*Provided material*
Start of Block

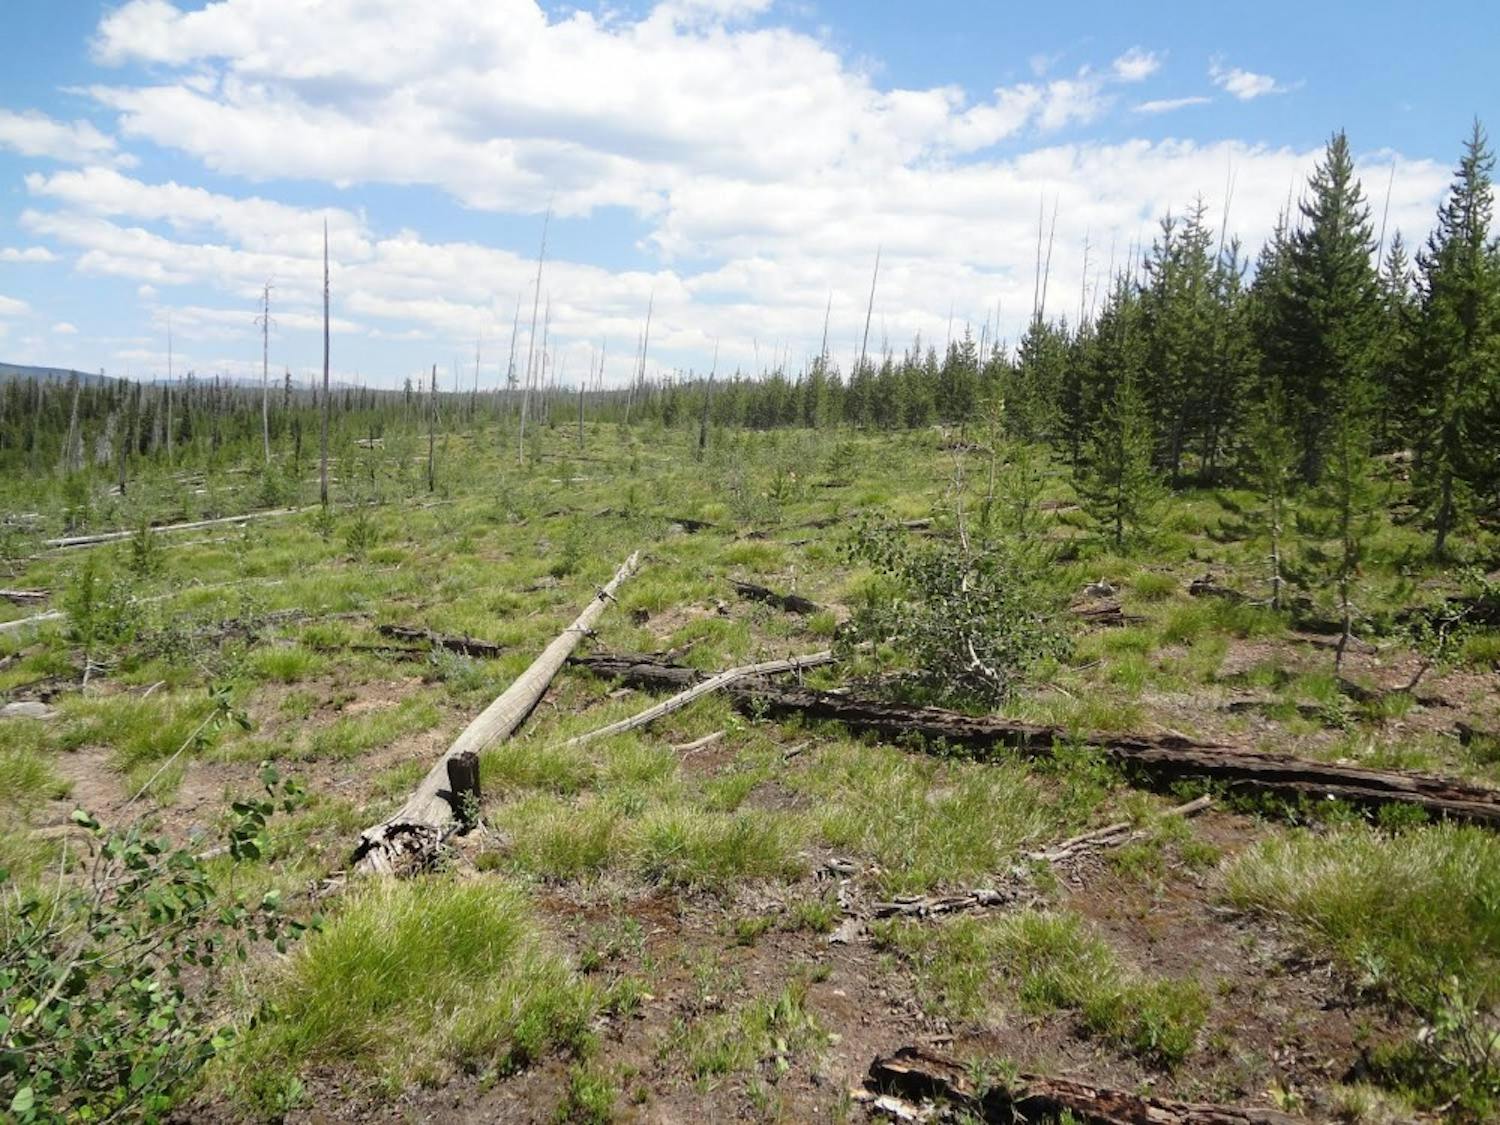 A regenerating Yellowstone forest, after the 1988 and 2000 fires. This demonstrates a loss of forest resilience.
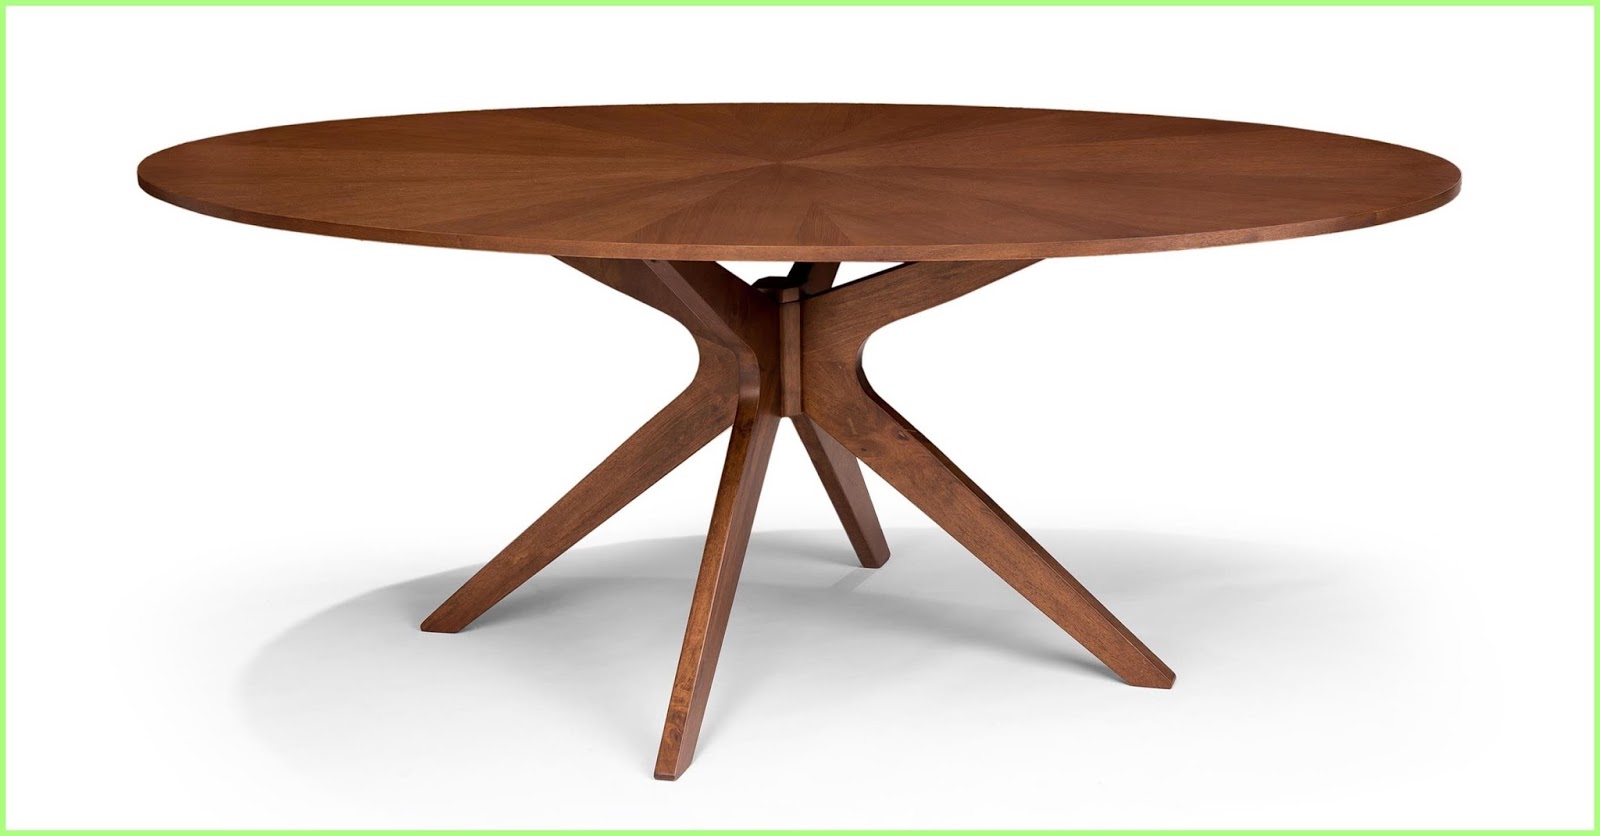 9 Oval Kitchen Tables Oval MidCentury Modern Dining Table In Brown Wood Conan Mid  Oval,Kitchen,Tables
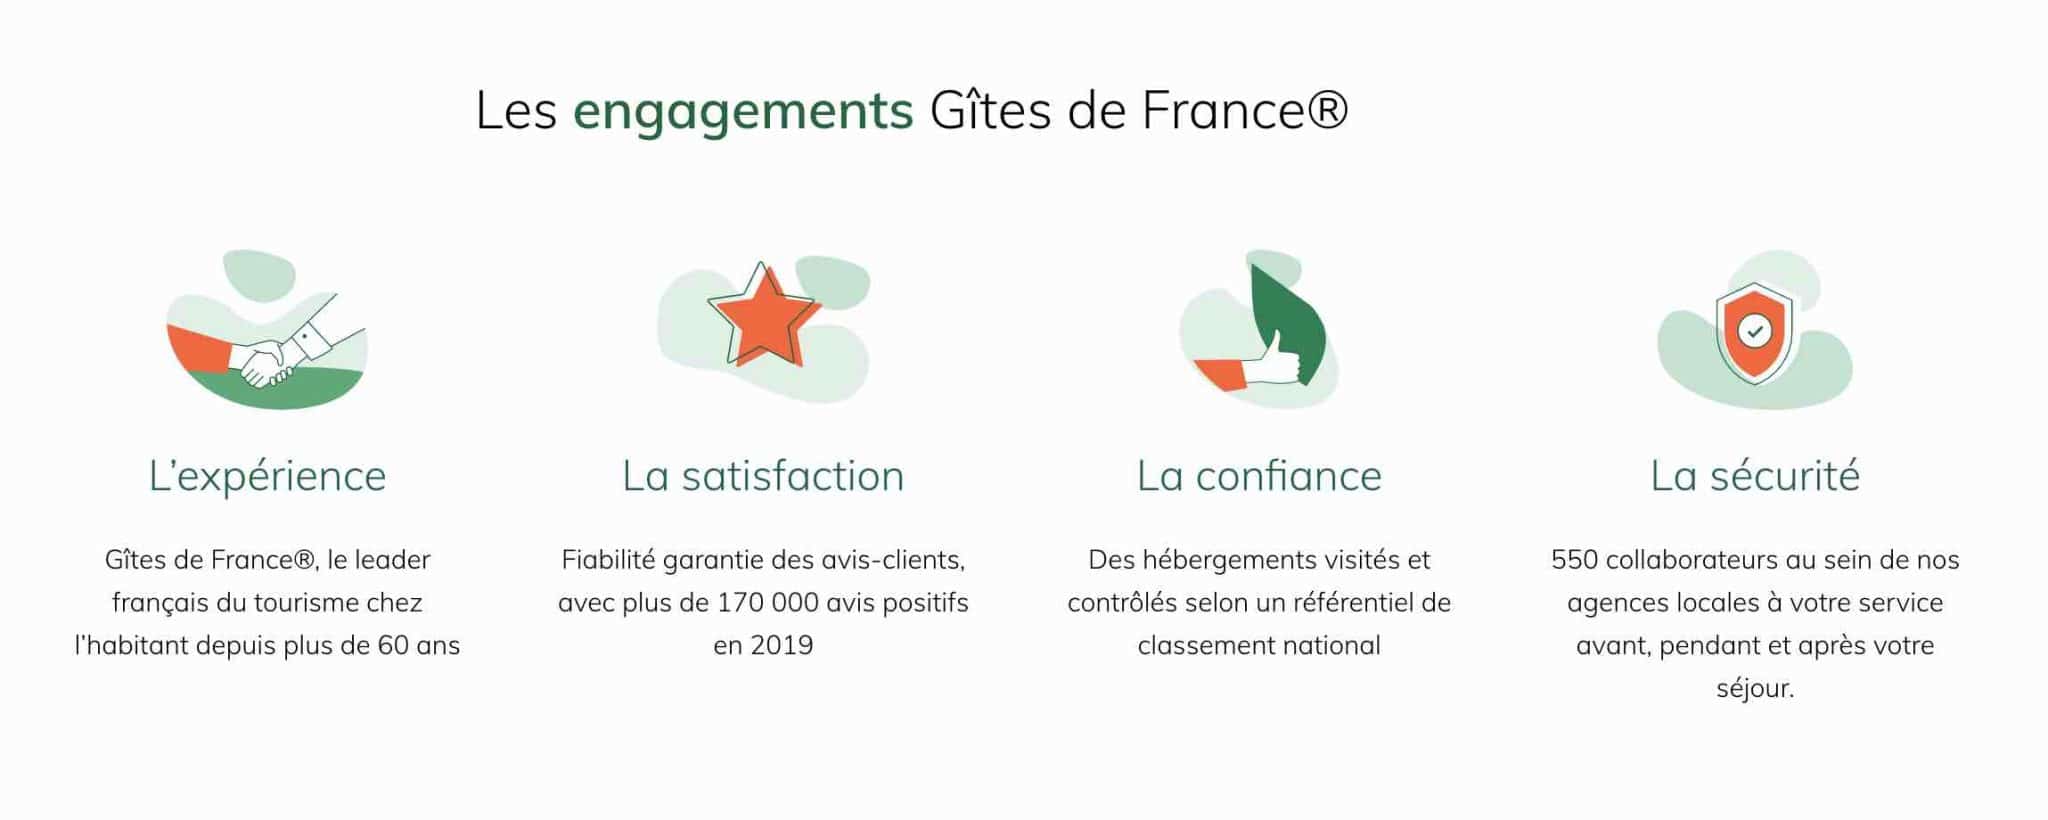 On the Gîtes de France home page, customer satisfaction is highlighted.

End of Block

*Work order*
Reproduce the lines above exactly, image-free.

*Task output*
 A regenerating Yellowstone forest, after the 1988 and 2000 fires. This demonstrates a loss of forest resilience.
 9 Oval Kitchen Tables Oval MidCentury Modern Dining Table In Brown Wood Conan Mid  Oval,Kitchen,Tables
 On the Gîtes de France home page, customer satisfaction is highlighted.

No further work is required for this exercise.